**RECORDS SHOWN**
________________

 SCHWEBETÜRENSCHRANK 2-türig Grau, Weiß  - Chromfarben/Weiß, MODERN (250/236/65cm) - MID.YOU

________________

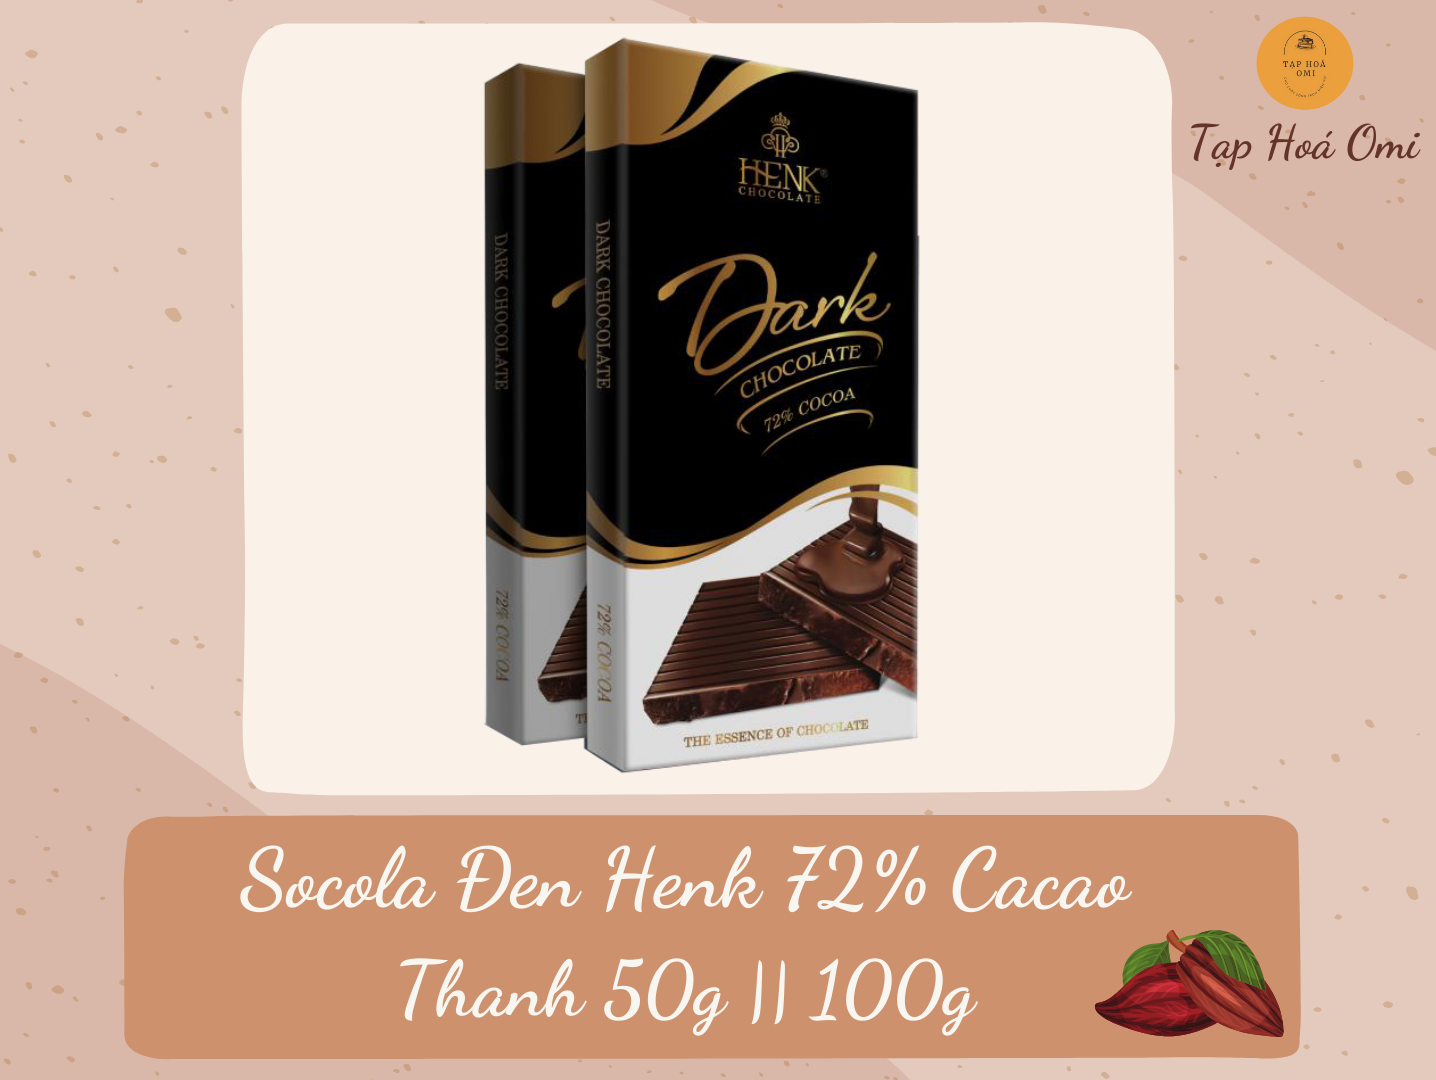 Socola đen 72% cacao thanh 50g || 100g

________________

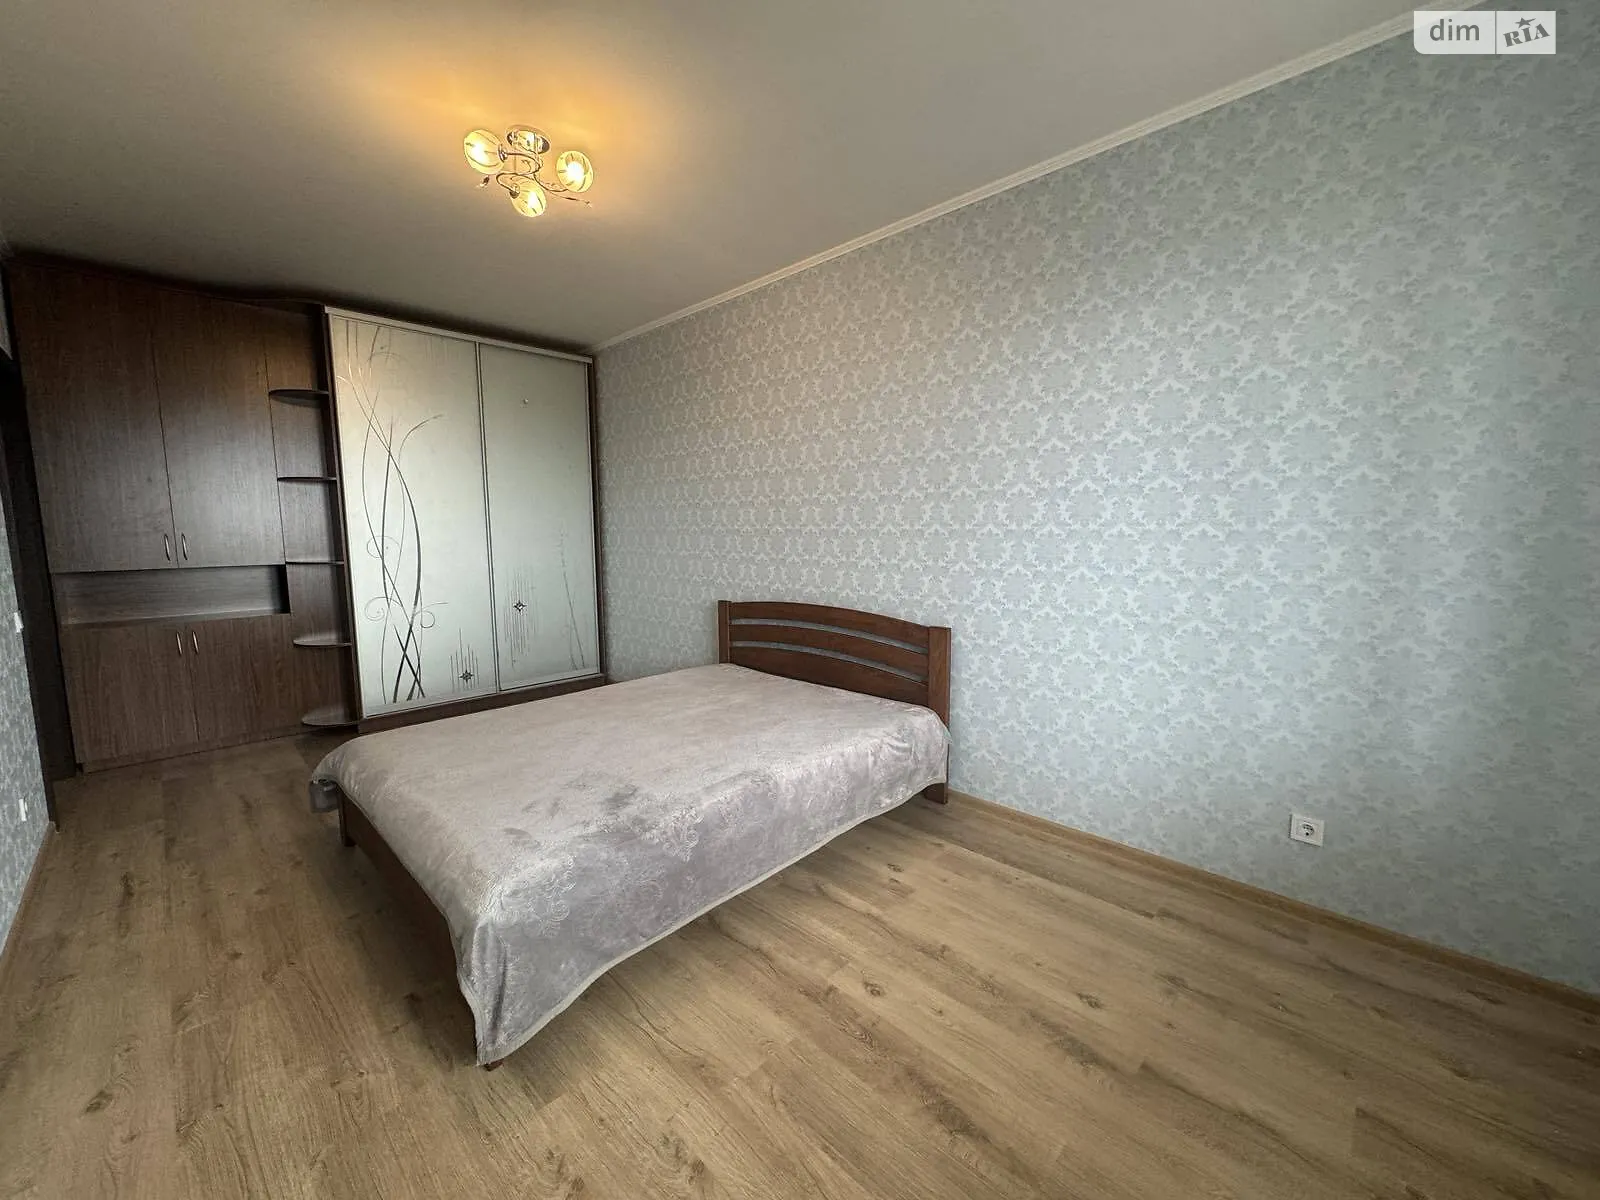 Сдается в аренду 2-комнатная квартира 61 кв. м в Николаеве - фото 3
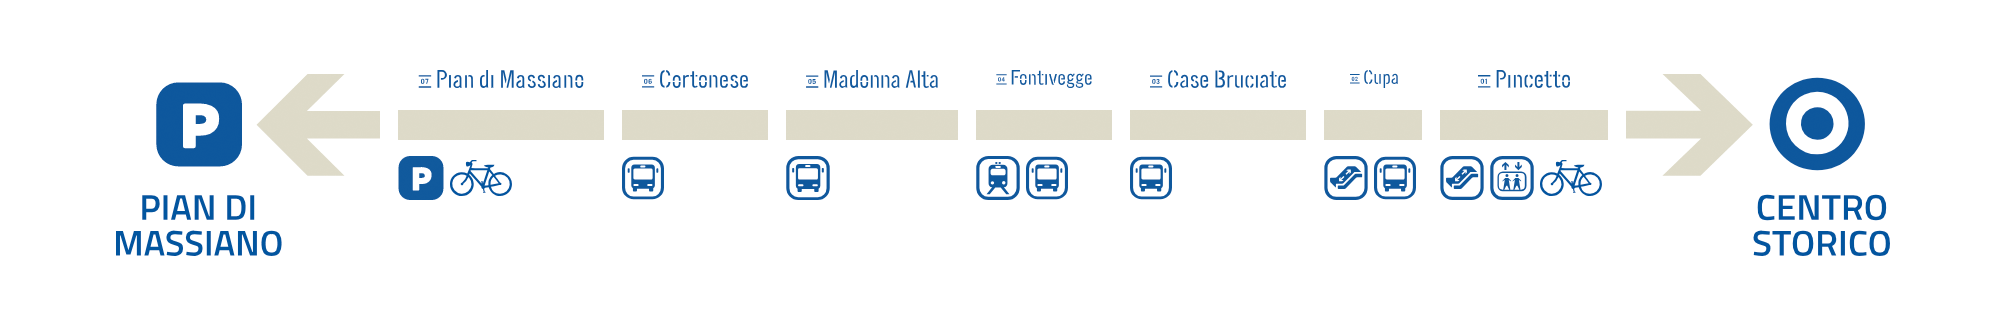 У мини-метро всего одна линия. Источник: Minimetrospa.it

________________

**PROBLEM DESCRIPTION**
Return the lines above from the one with "Сдается в аренду" through the one with "У мини-метро всего одна", verbatim and nothing else. Omit every picture.

**RESPONSE**
 Сдается в аренду 2-комнатная квартира 61 кв. м в Николаеве - фото 3
 У мини-метро всего одна линия. Источник: Minimetrospa.it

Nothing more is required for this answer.